What would settle it
A test on a different nontrivial economic theory problem where the ground truth is independently known, checking if the adversarial pair catches a similar number of false claims or if the single pass performs equivalently.
read the original abstract
Empirical economists often start their projects with a toolbox. Shared packages, replication archives, and circulated guides shorten the time between and idea and a rough initial draft. Theorists, on the other-hand, largely start from a blank page. By 2026, large language models can a produce and check nontrivial mathematics. The can also hallucinate and write wrong claims very convincingly. The current bottleneck on machine-assisted theory is no longer production but trust: a model will claim to prove a false theorem as readily as a true one. Building on recent attempts in mathematics, I present 3 methods for doing economic theory with a language model. These methods differ on how the work is verified: a single disciplined pass, an adversarial prover-verifier pair (Claude Opus~4.8 proposing, OpenAI Codex refuting), and a structured multi-agent project with a reviewer gate (inspired by the Google co-mathematician architecture). I demonstrate these protocols on one open worked example: designing a Groves/Pigouvian incentive mechanism for the Gans--Kominers eigengrade model of grade inflation. None of the three runs produced a strict direct-revelation VCG/Clarke mechanism (as requested, perhaps due to the non-existence of such mechanism). Three phenomena recur. First, convergent discovery: two runs derive the same effective-resistance externality kernel on opposite margins. Second, adversarial verification is load-bearing: the pair caught three of its own false claims and the gate rejected a sub-goal. Third, polish is not rigor: the most finished-looking output was the least verified. The methodological takeaway is that external verification, not model capability, is the design variable.
Editorial analysis
A structured set of objections, weighed in public.
Referee Report
Summary. The paper presents three verification protocols for LLM-assisted economic theory (single disciplined pass, adversarial prover-verifier pair, and multi-agent project with reviewer gate) and demonstrates them on one open problem: designing a Groves/Pigouvian mechanism for the Gans-Kominers eigengrade model. It reports three recurring phenomena (convergent discovery of an effective-resistance externality kernel, adversarial catching of false claims, and polish not equaling rigor) and concludes that external verification, not model capability, is the controlling design variable.

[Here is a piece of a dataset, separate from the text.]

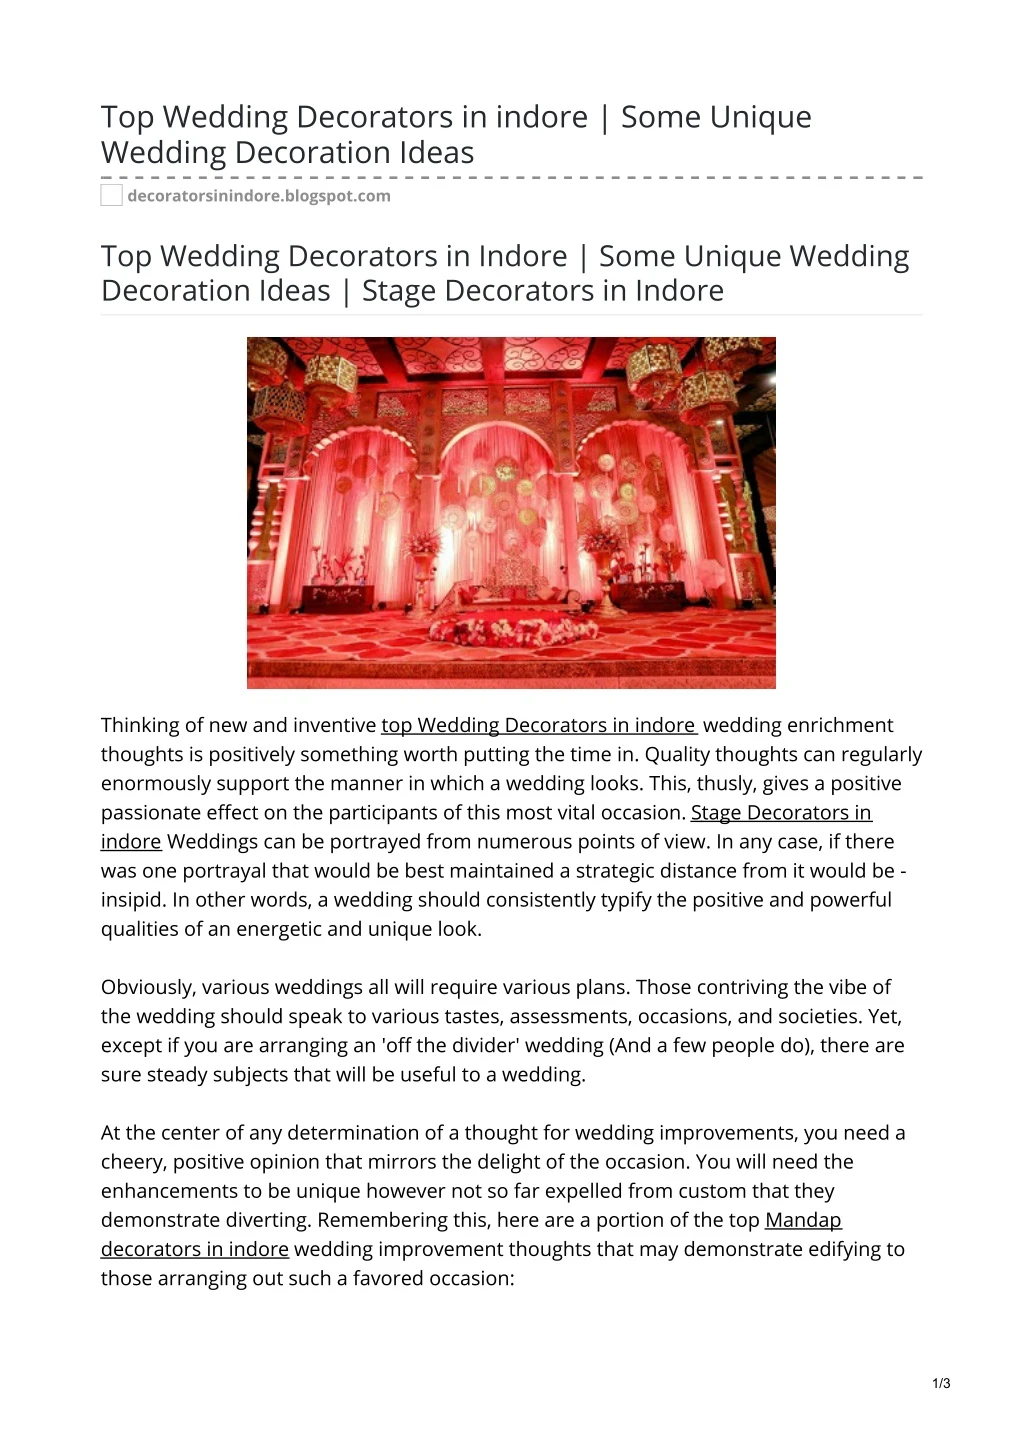 top wedding decorators in indore some unique

Significance. If the observations hold and generalize, the work could usefully redirect attention in LLM-assisted theory toward verification architectures rather than prompt engineering or model scale. The concrete protocols (including the adversarial pair and gate) and the choice of an open mechanism-design task are strengths that could be built upon by other researchers.
major comments (2)
- [Abstract / demonstration] Abstract and demonstration section: the central claim that 'external verification, not model capability, is the design variable' rests on three protocol runs on a single open mechanism-design task where the requested strict VCG/Clarke mechanism may not exist; without additional cases, model ablations, or non-LLM baselines, the reported phenomena (convergent discovery, error catching) cannot be shown to be general rather than idiosyncratic to this instance.
- [Abstract] Abstract: the paper states that the adversarial pair 'caught three of its own false claims' and the gate 'rejected a sub-goal,' yet supplies no details on the mathematical steps, the specific erroneous claims, or the reasoning establishing non-existence of the requested mechanism; this prevents assessment of whether the verification protocols performed as described.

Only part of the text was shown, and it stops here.